Douglas Smith's The Red Bird

"Asai first saw the Red Bird the night the soldiers burnt his village. Fleeing in terror through rain and flames and killing, his parents dead in the mud behind him, the boy heard his name called above the screams of the dying. Called from on high."

Saved from the destruction of his village by a mysterious, flame-red bird, Asai is led to the Temple of the Hidden Light where he is instructed in the Way of the Warrior. But Asai's mentor, the Warrior of the Red Bird, cannot teach him everything he needs to know. The teacher himself does not know of the Hidden Light which Asai must find in order to save his people.

The Red Bird is a mythic tale wrapped in an intimate coming-of-age story and--like the wolf not-quite-disguisded in sheep's clothing--the promise of a powerful bite is ever present throughout.

The story begins with the young Asai in great peril, death and destruction all around him. As Asai grows in strength and in wisdom, the story grows with him, as Douglas Smith weaves an intriguing tapestry of the mythos of the Red Bird, sprinkled throughout with rich images which stayed with me long after I had finished reading.

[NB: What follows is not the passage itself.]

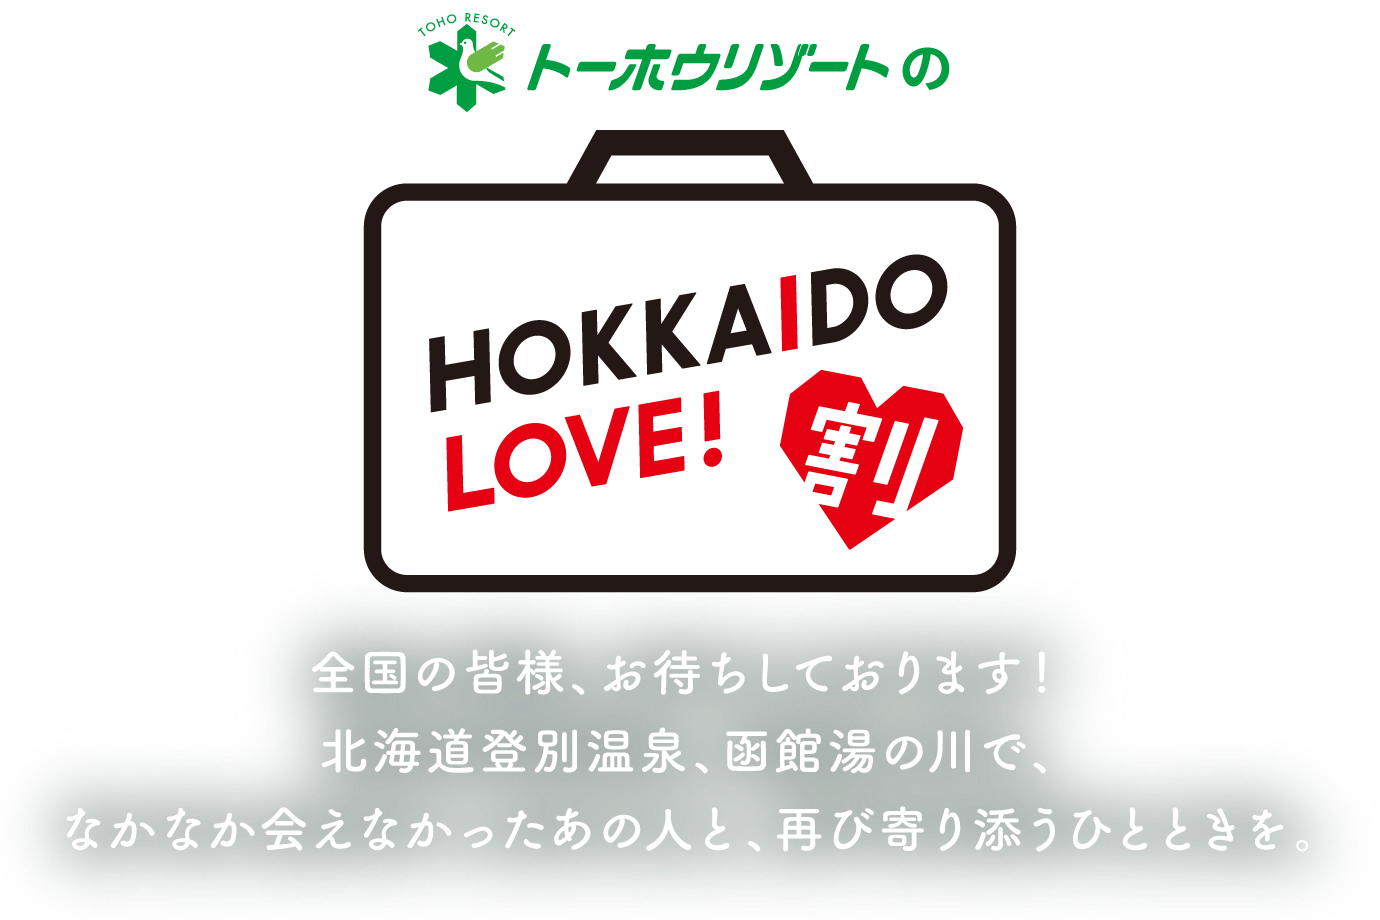 トーホウリゾートのHOKKAIDO LOVE!割

I found the story's pacing luxurious, but never slow. Fast-paced sword fights mingled with more meditative scenes as Asai encountered puzzles and pleasures and other interests away from the sword, but it is in the more leisurely scenes that The Red Bird truly shines. Asai's mythic role as Warrior is always with him, the Warrior's fate dogging him as tightly as a shadow, such that the moments which promise him the greatest happiness are also those which hold the greatest tension.

Though the mythic structure of the story foreshadows Asai's fate from the start, I found the ending of The Red Bird compelling and both intellectually and emotionally satisfying. Douglas Smith delivers on his promise and then some in this short story with epic scope.